Foretell is CSET's crowd forecasting pilot project focused on technology and security policy. It connects historical and forecast data on near-term events with the big-picture questions that are most relevant to policymakers.
More than 500 forecasters have received accuracy scores on 20 questions since Foretell’s launch. The Foretell team was curious to get insight into what the top 1-2% of forecasters (as of November 11, 2020) were doing to help their performance. Of the forecasters we talked to1, they all shared two main techniques that research supports for boosting accuracy: 1) creating an initial forecast based on a question's broader properties (e.g., base rate or historical trends) before modifying that forecast with case-specific properties, and 2) updating those forecasts frequently and gradually to take into account new information.
Looking to the Past for Answers about the Future
When we asked the top forecasters how they first approached a question, most responded similarly to forecaster @Odin, a former academic with a PhD in political science, who has been participating in geopolitical forecasting since 2014: “I start by thinking about the past. For some questions, there is a past history in the form of numerical data or a time series, as with financial markets. For questions that are about discrete events, I try to think of similar cases that can be compared to the event in question.”
Molly Hickman (@mollygh), a Computer Science Master’s candidate at Virginia Tech volunteering with the project as a Foretell Ambassador, said: “Typically, I start by thinking, what are similar things that have happened before? This is what [social scientists] Daniel Kahneman and Amos Tversky called ‘reference classes.’ [On questions where I’m asked to forecast a trend], I just look at the historical data [provided] and look for patterns there.”
Nuño Sempere (@Loki), a programmer, independent researcher, and hobbyist forecaster in Austria and currently in the leaderboard’s top spot, said he too starts with a historical base rate (i.e., prior probabilities of similar cases) and then adjusts. When he is not able to collect sufficient historical context, he is a fan of using the Ignorance prior or the Laplace prior.2,3
Creating a starting baseline forecast (or “prior”) by using reference classes or historical data for a particular question is part of an approach called the “outside view” by Kahneman and Tversky. A common forecasting bias is to give too much weight to the particulars of the case before you and too little weight to the more-general properties of the situation. Starting with the outside view minimizes that bias.
After creating a baseline forecast, you can then make adjustments by looking at case-specific information, or the “inside view”. Sempere (@Loki) said he adjusts his baseline probability by trying to figure out if he has any insights into the particular case that make it different from the more-general case from which he created his baseline, “like details about [a country’s] politics or things I've found out about the [forecasting] question after doing some research.”
Forecaster @dz624, a Public Administration PhD candidate at a prominent university in China, likes to modify his baseline probability in response to others’ viewpoints to minimize bias: “The sources I use come from mainstream news, reputable blogs, think tanks, industry-related organizations, government entities, and government websites… My main concern [is] the credibility of the sources.”

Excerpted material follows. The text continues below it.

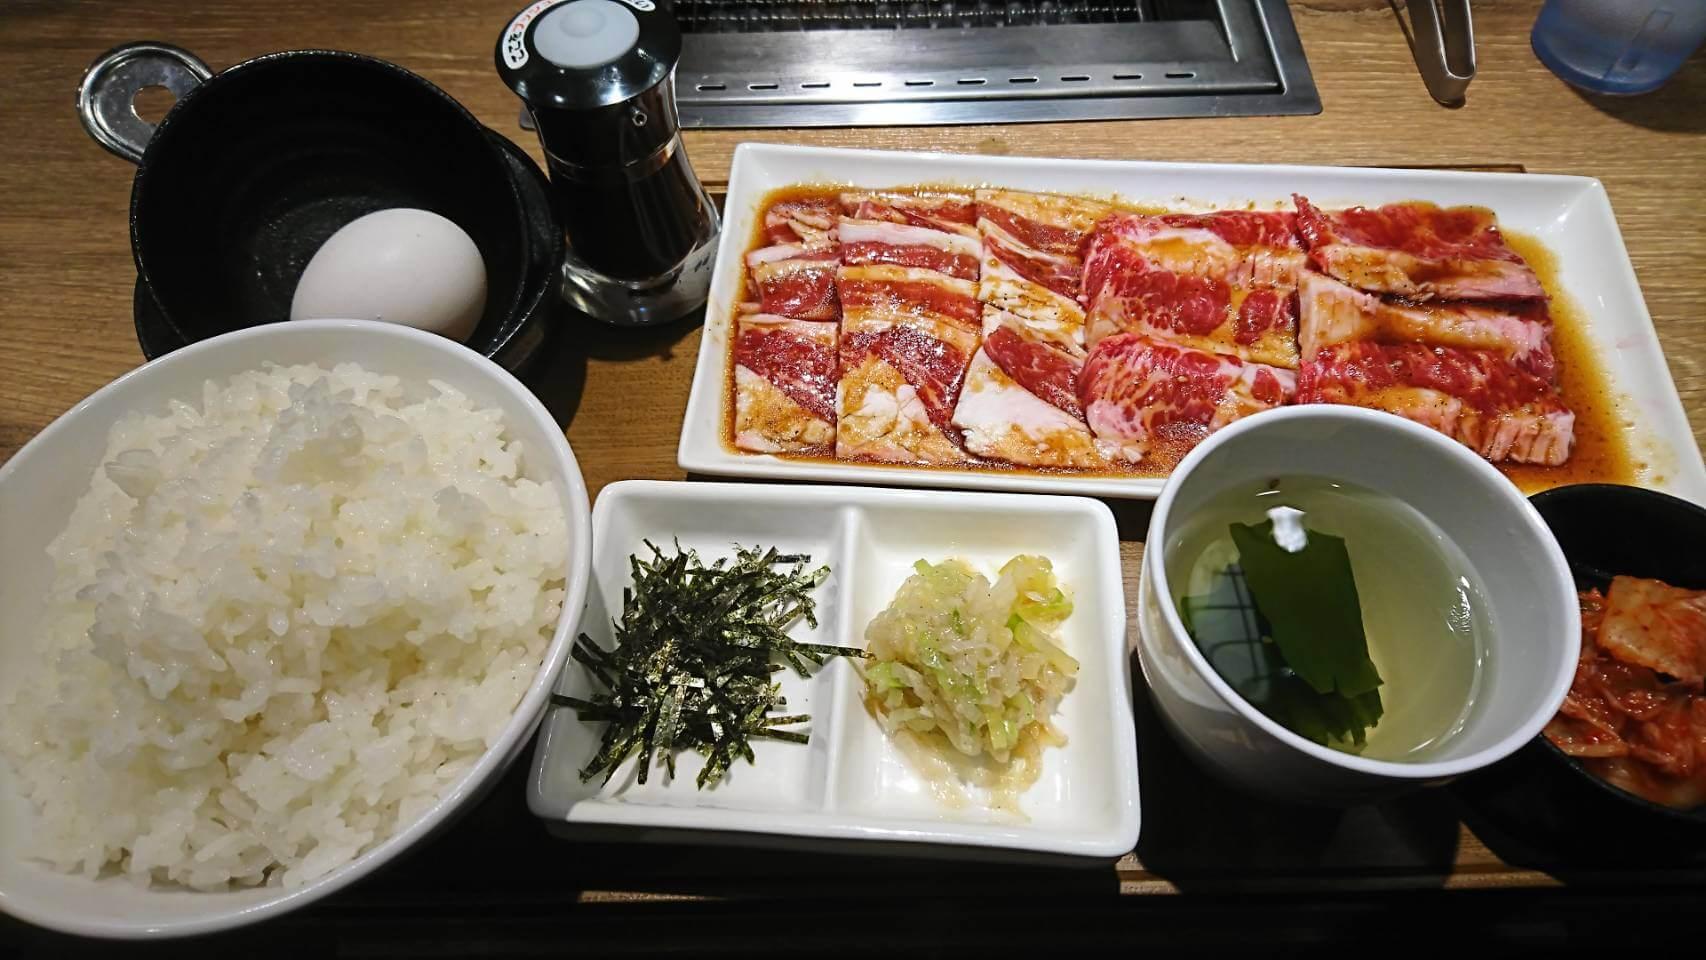 「焼肉ライク 熊本下通り店」コスパめちゃ良い。肉好きにはもってこいのお店!!熊本・下通り/焼肉

Changing Your Mind Pays Off
After generating a baseline forecast (outside view) and modifying it in light of case-specific information (inside view), the forecasters we talked to submitted the initial forecasted probability. But that was not the end of the process. They went back and regularly made updates (note that Foretell allows you to set reminder alerts after submitting a forecast).
“I proactively re-evaluate all of my existing forecasts systematically every week or so, rather than wait for news events to prompt an update,” said forecaster @Odin.

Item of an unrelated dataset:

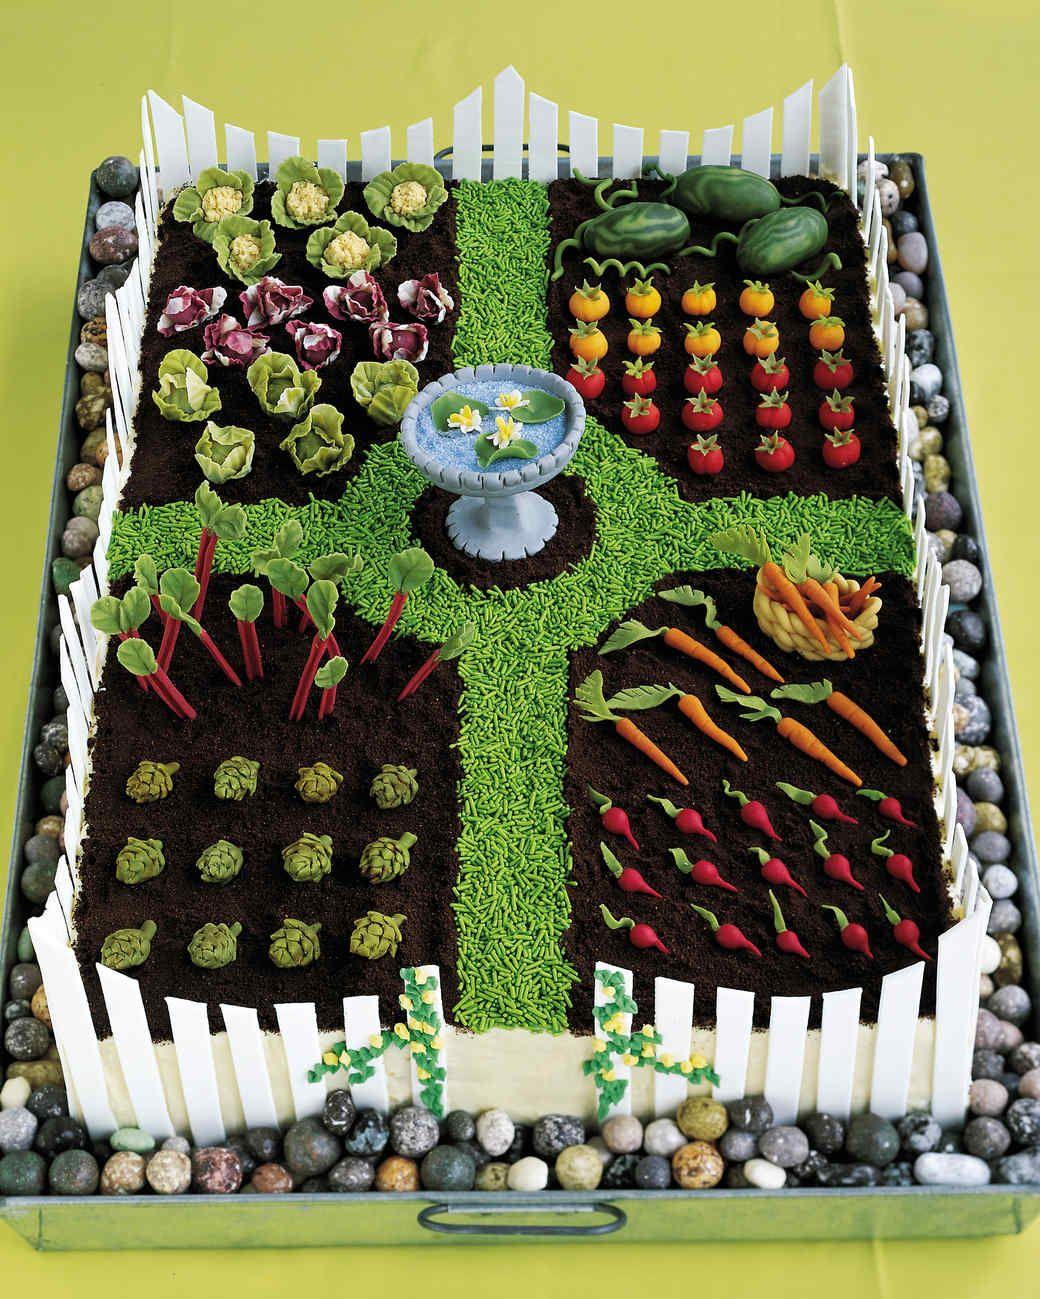 Spring Garden Cake on martha stewart landscaping, martha stewart family, martha stewart home, martha stewart succulents, martha stewart raised vegetable garden, martha stewart greenhouse, martha stewart gazebo, martha stewart books,

A recent article by Pavel Atanasov in Scientific American, “How the Best Forecasters Predict Events Like Election Outcomes,” highlights research that supports the forecasters’ position on frequent updating, showing that the most accurate forecasters tend to change their mind over time. They revise their forecasts to reflect new information, and do so in small increments, comparing the significance of the new information with the information they had before.

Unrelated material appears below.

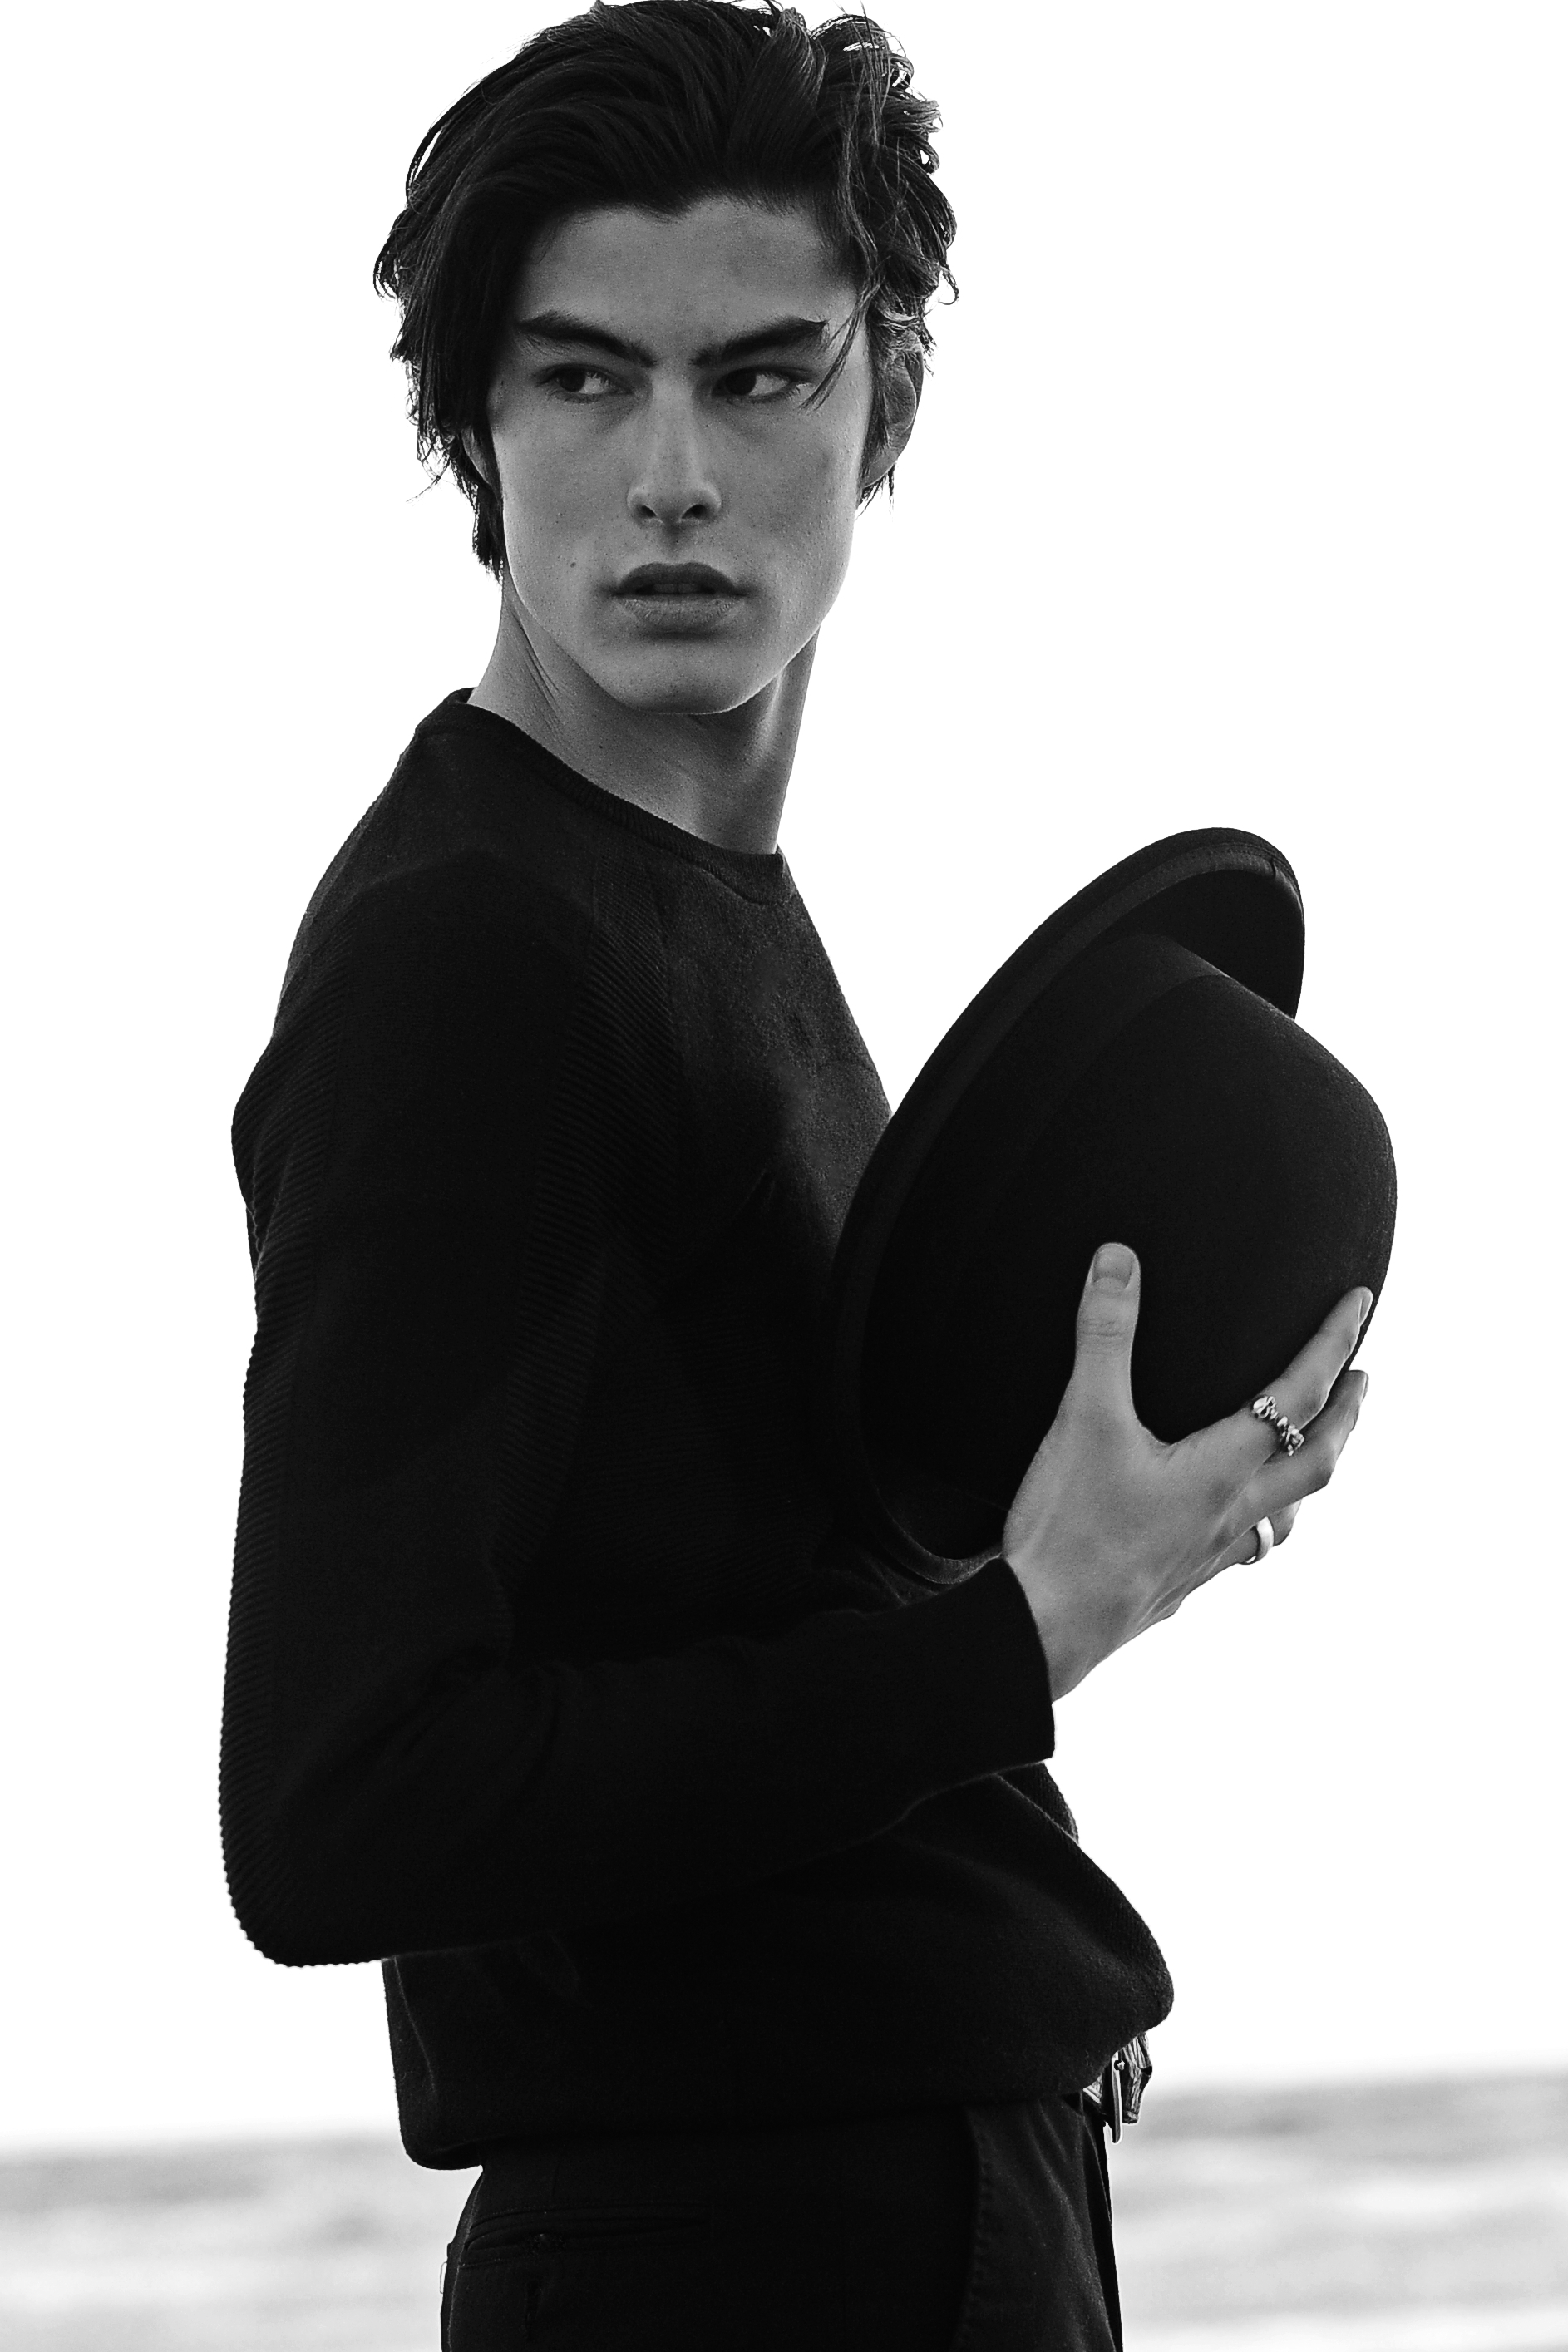 Top: H&M / Rings: Vintage / Hat: Jacobson / Pants: Alexander McQueen

“I update forecasts about once a week. I make either small or slightly bigger changes. I have a lot of <5% changes, but also a couple >10%,” said Sempere (@Loki).
Sempere thinks of a 5-10% change as a “bigger” change, and this tracks with best-practice forecasting. Atanasov’s article points out that too big of a change in probability -- such as going from 40% to 80% -- can be a sign of recency bias, the tendency to overemphasize new information. A related risk is the availability bias, the tendency to place too much importance on things that easily come to mind. For example, it’s common to overestimate the likelihood of a plane crash after reading about one in the news. The best forecasters resist overreacting to recent or more memorable information.
It’s All About Practice
Can anyone become a more accurate forecaster? Yes - that’s the good news. Foretell’s top forecasters are not domain experts on the questions they participated in (even if they were, experts are also easily susceptible to bias). While @Odin and Sempere (@Loki) have participated in similar forecasting tournaments as hobbyist forecasters, @dz624 and Hickman (@mollygh) had never actively exercised probabilistic forecasting until now.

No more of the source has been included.